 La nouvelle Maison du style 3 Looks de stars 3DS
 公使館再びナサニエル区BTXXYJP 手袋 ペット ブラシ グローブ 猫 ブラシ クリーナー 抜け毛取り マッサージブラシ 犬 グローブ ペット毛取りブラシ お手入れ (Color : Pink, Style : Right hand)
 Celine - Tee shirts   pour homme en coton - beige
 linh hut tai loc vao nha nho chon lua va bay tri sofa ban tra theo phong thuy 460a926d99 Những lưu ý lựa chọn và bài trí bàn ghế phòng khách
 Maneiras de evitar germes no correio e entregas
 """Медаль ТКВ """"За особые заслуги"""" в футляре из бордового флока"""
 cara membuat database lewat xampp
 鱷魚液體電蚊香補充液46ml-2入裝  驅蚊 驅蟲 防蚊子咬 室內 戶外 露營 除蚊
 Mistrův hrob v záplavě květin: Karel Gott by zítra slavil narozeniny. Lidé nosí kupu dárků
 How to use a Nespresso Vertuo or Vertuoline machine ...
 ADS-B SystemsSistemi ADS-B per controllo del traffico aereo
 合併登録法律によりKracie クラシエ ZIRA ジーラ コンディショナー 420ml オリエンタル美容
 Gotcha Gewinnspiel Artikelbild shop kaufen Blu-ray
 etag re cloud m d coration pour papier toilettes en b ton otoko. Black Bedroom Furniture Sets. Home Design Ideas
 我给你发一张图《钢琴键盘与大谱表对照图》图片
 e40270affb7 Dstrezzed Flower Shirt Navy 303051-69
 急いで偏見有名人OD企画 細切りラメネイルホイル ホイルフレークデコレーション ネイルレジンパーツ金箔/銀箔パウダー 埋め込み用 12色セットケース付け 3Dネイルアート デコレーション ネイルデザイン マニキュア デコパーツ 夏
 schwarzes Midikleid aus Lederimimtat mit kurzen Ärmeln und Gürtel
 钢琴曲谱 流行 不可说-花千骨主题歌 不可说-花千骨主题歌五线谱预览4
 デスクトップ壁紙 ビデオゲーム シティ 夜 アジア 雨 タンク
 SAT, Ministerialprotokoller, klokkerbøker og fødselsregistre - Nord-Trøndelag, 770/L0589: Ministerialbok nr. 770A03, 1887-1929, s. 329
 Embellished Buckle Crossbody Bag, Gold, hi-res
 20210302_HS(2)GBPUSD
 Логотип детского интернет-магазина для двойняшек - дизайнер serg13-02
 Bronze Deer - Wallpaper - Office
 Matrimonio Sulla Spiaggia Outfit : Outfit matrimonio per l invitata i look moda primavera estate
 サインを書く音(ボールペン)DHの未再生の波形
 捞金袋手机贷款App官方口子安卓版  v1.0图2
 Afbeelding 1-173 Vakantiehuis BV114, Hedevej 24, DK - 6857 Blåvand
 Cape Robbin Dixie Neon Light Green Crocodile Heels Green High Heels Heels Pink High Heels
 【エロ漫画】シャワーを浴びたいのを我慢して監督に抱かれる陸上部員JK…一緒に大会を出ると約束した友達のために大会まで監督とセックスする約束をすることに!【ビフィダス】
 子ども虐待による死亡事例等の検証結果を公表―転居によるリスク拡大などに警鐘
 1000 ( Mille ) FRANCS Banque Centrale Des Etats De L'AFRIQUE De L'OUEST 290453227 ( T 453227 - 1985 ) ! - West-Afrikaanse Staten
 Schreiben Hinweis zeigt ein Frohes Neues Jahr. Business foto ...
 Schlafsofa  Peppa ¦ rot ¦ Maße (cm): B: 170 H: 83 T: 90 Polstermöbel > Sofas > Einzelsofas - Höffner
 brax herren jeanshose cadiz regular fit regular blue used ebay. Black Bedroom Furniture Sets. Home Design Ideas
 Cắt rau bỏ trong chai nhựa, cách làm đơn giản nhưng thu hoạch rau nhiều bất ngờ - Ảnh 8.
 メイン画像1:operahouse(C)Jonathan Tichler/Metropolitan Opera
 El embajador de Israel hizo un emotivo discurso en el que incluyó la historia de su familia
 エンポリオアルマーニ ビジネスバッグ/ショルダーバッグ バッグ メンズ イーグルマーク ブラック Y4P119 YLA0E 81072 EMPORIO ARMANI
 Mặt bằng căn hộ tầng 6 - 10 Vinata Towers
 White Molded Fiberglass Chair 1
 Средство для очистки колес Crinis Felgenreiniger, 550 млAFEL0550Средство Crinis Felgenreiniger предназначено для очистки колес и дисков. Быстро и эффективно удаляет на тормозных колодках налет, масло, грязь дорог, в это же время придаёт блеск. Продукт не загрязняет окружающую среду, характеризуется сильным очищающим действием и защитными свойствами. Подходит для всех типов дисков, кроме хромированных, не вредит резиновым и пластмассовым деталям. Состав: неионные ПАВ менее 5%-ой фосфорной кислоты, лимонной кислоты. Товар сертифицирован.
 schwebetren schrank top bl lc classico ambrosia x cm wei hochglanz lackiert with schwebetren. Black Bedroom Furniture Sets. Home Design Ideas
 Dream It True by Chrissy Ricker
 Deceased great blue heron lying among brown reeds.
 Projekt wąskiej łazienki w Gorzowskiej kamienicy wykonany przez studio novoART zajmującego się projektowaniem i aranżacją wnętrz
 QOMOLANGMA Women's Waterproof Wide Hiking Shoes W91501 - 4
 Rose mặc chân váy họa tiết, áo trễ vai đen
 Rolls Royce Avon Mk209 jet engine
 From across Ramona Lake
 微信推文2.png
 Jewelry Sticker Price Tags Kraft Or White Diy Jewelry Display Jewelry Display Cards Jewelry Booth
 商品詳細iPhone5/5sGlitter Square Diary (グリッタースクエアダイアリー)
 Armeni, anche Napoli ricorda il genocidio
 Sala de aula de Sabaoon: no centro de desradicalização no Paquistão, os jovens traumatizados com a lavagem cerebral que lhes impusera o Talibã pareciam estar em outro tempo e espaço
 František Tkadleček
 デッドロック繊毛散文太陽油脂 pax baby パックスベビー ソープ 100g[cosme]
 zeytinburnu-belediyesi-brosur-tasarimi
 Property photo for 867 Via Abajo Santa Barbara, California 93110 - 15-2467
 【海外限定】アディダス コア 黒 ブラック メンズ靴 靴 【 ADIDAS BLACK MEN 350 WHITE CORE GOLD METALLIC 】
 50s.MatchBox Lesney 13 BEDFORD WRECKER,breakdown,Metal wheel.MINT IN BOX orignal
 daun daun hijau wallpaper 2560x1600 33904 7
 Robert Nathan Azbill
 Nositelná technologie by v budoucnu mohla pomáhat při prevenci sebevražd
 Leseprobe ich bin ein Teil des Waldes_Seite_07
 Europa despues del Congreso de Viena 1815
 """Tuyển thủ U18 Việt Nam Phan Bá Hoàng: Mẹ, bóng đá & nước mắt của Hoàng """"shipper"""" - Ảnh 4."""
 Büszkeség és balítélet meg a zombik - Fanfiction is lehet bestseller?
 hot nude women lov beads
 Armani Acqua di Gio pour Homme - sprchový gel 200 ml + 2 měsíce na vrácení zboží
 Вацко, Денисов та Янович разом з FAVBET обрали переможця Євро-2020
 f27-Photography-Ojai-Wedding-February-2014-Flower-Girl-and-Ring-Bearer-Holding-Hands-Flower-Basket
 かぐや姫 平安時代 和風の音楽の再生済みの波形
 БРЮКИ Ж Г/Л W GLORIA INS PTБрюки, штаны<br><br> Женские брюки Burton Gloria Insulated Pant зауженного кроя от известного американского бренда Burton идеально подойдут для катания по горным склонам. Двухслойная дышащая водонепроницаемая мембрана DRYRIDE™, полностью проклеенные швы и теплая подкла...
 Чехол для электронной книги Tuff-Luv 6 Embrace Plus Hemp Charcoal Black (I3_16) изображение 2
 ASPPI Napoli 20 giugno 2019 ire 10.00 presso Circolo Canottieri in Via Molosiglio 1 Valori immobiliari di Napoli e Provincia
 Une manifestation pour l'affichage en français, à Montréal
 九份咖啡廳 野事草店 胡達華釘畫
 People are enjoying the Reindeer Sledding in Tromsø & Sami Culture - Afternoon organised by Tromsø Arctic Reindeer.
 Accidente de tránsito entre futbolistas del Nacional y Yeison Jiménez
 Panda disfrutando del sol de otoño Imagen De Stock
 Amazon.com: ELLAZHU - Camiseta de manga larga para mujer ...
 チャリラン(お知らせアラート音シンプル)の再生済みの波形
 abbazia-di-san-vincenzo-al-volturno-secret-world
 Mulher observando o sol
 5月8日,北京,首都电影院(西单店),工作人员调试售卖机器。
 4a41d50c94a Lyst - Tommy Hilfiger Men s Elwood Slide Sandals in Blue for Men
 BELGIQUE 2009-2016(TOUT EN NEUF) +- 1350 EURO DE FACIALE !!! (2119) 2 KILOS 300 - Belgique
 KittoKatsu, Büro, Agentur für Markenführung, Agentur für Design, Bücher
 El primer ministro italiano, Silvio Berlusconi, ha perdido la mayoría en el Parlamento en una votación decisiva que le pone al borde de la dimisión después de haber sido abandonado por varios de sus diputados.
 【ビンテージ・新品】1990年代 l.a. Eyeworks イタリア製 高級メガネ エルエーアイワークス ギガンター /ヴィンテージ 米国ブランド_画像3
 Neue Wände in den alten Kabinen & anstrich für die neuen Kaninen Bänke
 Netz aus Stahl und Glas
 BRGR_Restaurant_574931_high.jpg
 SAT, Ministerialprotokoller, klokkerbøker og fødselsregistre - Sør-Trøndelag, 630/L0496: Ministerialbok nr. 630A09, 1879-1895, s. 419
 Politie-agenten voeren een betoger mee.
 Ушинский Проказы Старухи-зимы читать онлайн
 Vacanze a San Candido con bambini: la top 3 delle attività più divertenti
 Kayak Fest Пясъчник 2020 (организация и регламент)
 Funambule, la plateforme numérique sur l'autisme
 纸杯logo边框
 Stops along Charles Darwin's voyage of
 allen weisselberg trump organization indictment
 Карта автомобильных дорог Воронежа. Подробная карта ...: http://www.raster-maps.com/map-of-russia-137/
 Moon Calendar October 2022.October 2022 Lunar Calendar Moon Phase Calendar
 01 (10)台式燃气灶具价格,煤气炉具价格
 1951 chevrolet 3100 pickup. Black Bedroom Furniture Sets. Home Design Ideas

◆ ACTIVITY
Quote the listing word for word from its first line through the line in which "e40270affb7 Dstrezzed Flower" appears.

◆ TASK RESULT
 La nouvelle Maison du style 3 Looks de stars 3DS
 公使館再びナサニエル区BTXXYJP 手袋 ペット ブラシ グローブ 猫 ブラシ クリーナー 抜け毛取り マッサージブラシ 犬 グローブ ペット毛取りブラシ お手入れ (Color : Pink, Style : Right hand)
 Celine - Tee shirts   pour homme en coton - beige
 linh hut tai loc vao nha nho chon lua va bay tri sofa ban tra theo phong thuy 460a926d99 Những lưu ý lựa chọn và bài trí bàn ghế phòng khách
 Maneiras de evitar germes no correio e entregas
 """Медаль ТКВ """"За особые заслуги"""" в футляре из бордового флока"""
 cara membuat database lewat xampp
 鱷魚液體電蚊香補充液46ml-2入裝  驅蚊 驅蟲 防蚊子咬 室內 戶外 露營 除蚊
 Mistrův hrob v záplavě květin: Karel Gott by zítra slavil narozeniny. Lidé nosí kupu dárků
 How to use a Nespresso Vertuo or Vertuoline machine ...
 ADS-B SystemsSistemi ADS-B per controllo del traffico aereo
 合併登録法律によりKracie クラシエ ZIRA ジーラ コンディショナー 420ml オリエンタル美容
 Gotcha Gewinnspiel Artikelbild shop kaufen Blu-ray
 etag re cloud m d coration pour papier toilettes en b ton otoko. Black Bedroom Furniture Sets. Home Design Ideas
 我给你发一张图《钢琴键盘与大谱表对照图》图片
 e40270affb7 Dstrezzed Flower Shirt Navy 303051-69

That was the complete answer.